AI is an amplifier, not a shortcut: reading the 2025 DORA signal

The 2025 edition of DORA's research turned its attention to AI-assisted software development, and the headline finding is more interesting than the usual "productivity is up." Yes, throughput rose. But stability often fell at the same time — and whether AI helped or hurt overall depended almost entirely on the quality of the platform underneath it. Across nearly 5,000 surveyed technology professionals, the pattern was consistent: AI adoption correlated with more output and more rework. The teams that escaped that trap had one thing in common — strong internal platforms with fast CI, automated testing, observable systems, and a culture that treats reversibility as a first-class property.
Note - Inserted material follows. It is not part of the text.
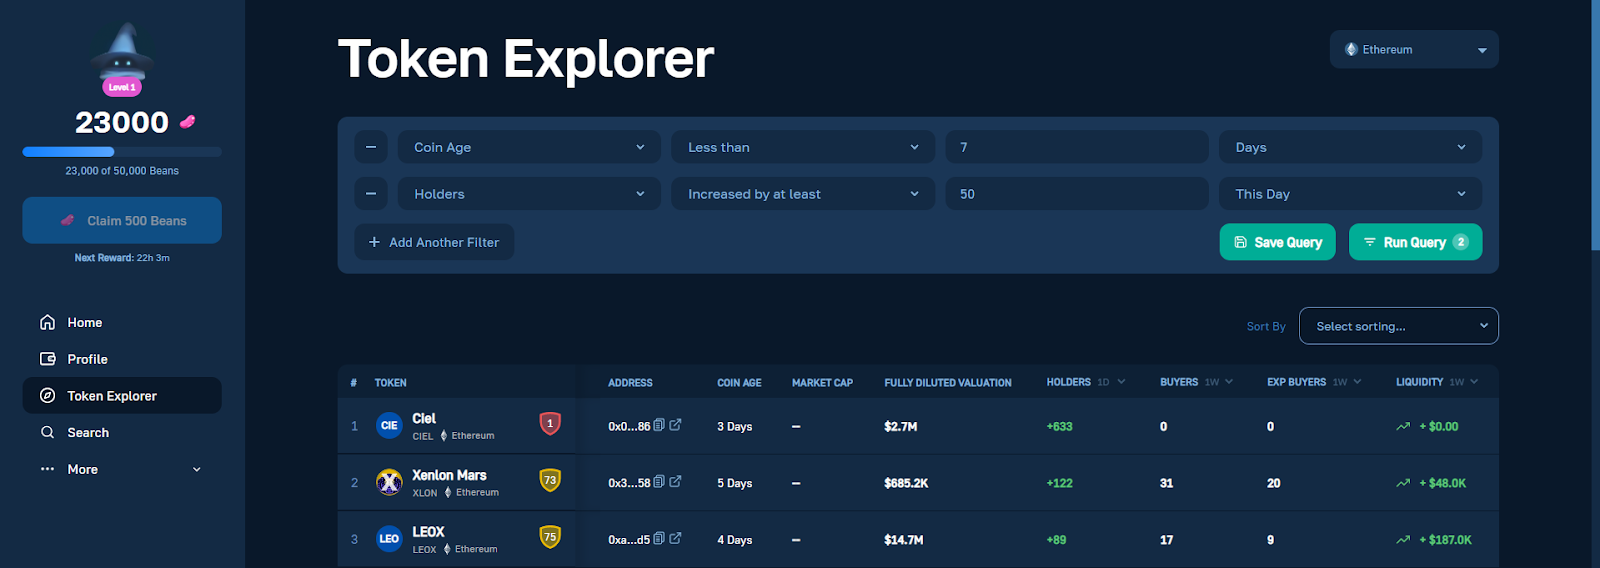 Moralis Money Token Explorer - Holders filter set to 50 new crypto coin holders in the last day

AI, it turns out, is an amplifier. It makes a strong delivery system stronger and a weak one weaker, and it does so at speed, which is the uncomfortable part.

This post goes deep on what the data actually says, what the code-level evidence adds on top of it, and what you should concretely do if you want AI to compound your delivery quality rather than your defect rate.

2025 DORA survey — the state of AI adoption

~90%

Developers using AI at work

up 14 points year-over-year

65%

Heavily reliant on AI tools

past the experimenting phase

~30%

Little or no trust in AI output

adoption does not equal confidence

80%+

Report significant productivity gains

but stability tells a different story

Source: DORA, State of AI-Assisted Software Development, 2025 (n ≈ 5,000)

What the 2025 DORA data actually says

DORA's 2025 report is the first in the series to focus specifically on AI-assisted development rather than treating AI as one factor among many. The survey covered nearly 5,000 professionals, weighted by team size and industry. Four findings stand out.

Throughput rose — genuinely. AI adoption correlated with higher deployment frequency and shorter lead times. Teams using AI tools were shipping more code, faster. This is not contested and it is not surprising; AI assistants are demonstrably fast at producing syntactically correct code for well-specified problems.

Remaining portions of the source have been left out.